The problem with Windows XP is that sometimes, FreeBSD installation messes with its partition table entry in the MBR, thus rendering it unbootable. But there's hope! The most important thing to remember is to stay calm at all times and not do something hasty. Drink a beer, take a deep breath and let's try to fix it.

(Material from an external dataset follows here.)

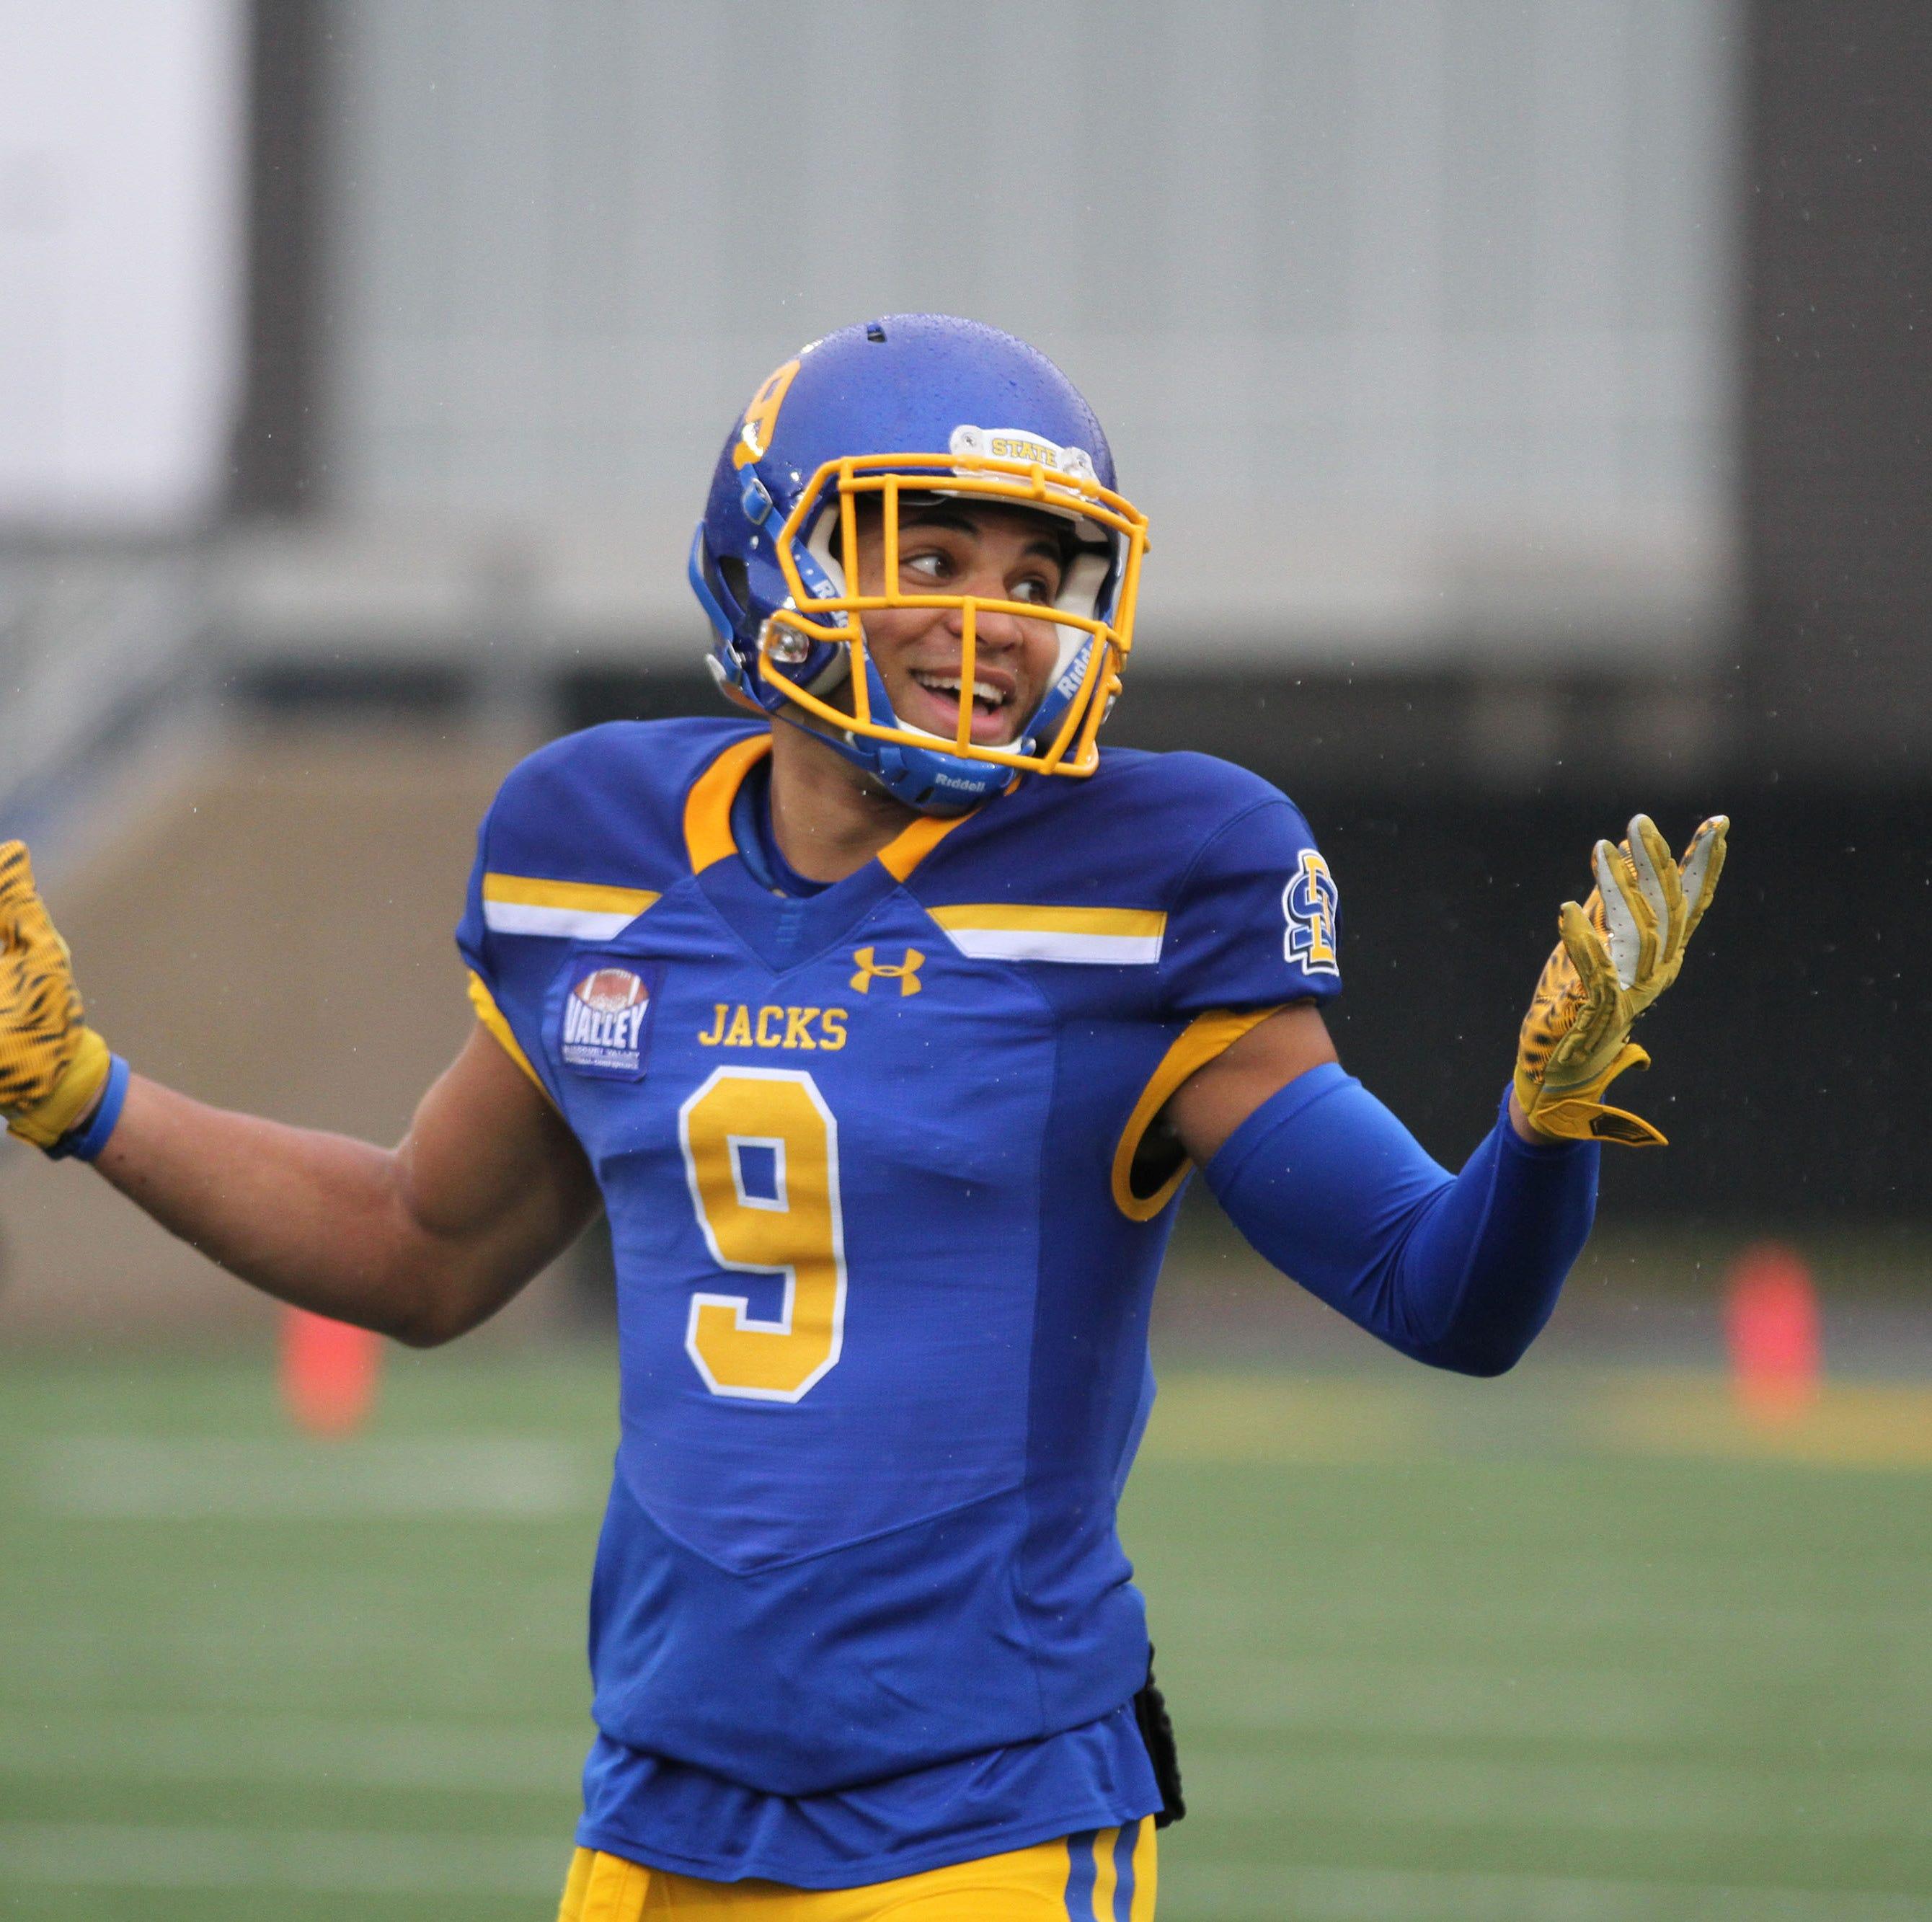 NFL Draft: Jordan Brown, Trey Pipkins among area hopefuls hoping for the call

You can check a program called testdisk which you can find via the following link http://www.cgsecurity.org/wiki/TestDisk

You can use this program to restore the entry of the Windows XP partition and hopefully, make it bootable again. If this doesn't work, let me know.


----------



## Oxyd (Oct 17, 2009)

This happened to me when I was experimenting with FreeBSD's bootmgr and trying to dual-boot with Vista.  For some reason, installing bootmgr cleared the bootable flag from the Windows slice and Windows didn't like that.  I booted a Fedora live CD, ran fdisk, gave the Win slice bootable flag and everything was working again.  (I used Linux fdisk because I don't really understand FreeBSD fdisk.)


----------



## Bunyan (Oct 17, 2009)

A Windows XP Recovery Console with a following *fixboot* won't help?


----------



## Yoshi (Oct 17, 2009)

GPF said:
			
		

> Well, I am assuming you did *not* save the partition entry of Windows XP (beg, size, C/H/S values etc) before the installation of FreeBSD. If you did, just fix it via fdisk -u /your/disk, from a FreeBSD console.
> 
> The problem with Windows XP is that sometimes, FreeBSD installation messes with its partition table entry in the MBR, thus rendering it unbootable. But there's hope! The most important thing to remember is to stay calm at all times and not do something hasty. Drink a beer, take a deep breath and let's try to fix it.
> 
> ...





Thanks! :beer This worked. The head value was 16 when it should have been 255 which was causing the problem. I'll make sure to remember about this next time I install FreeBSD


----------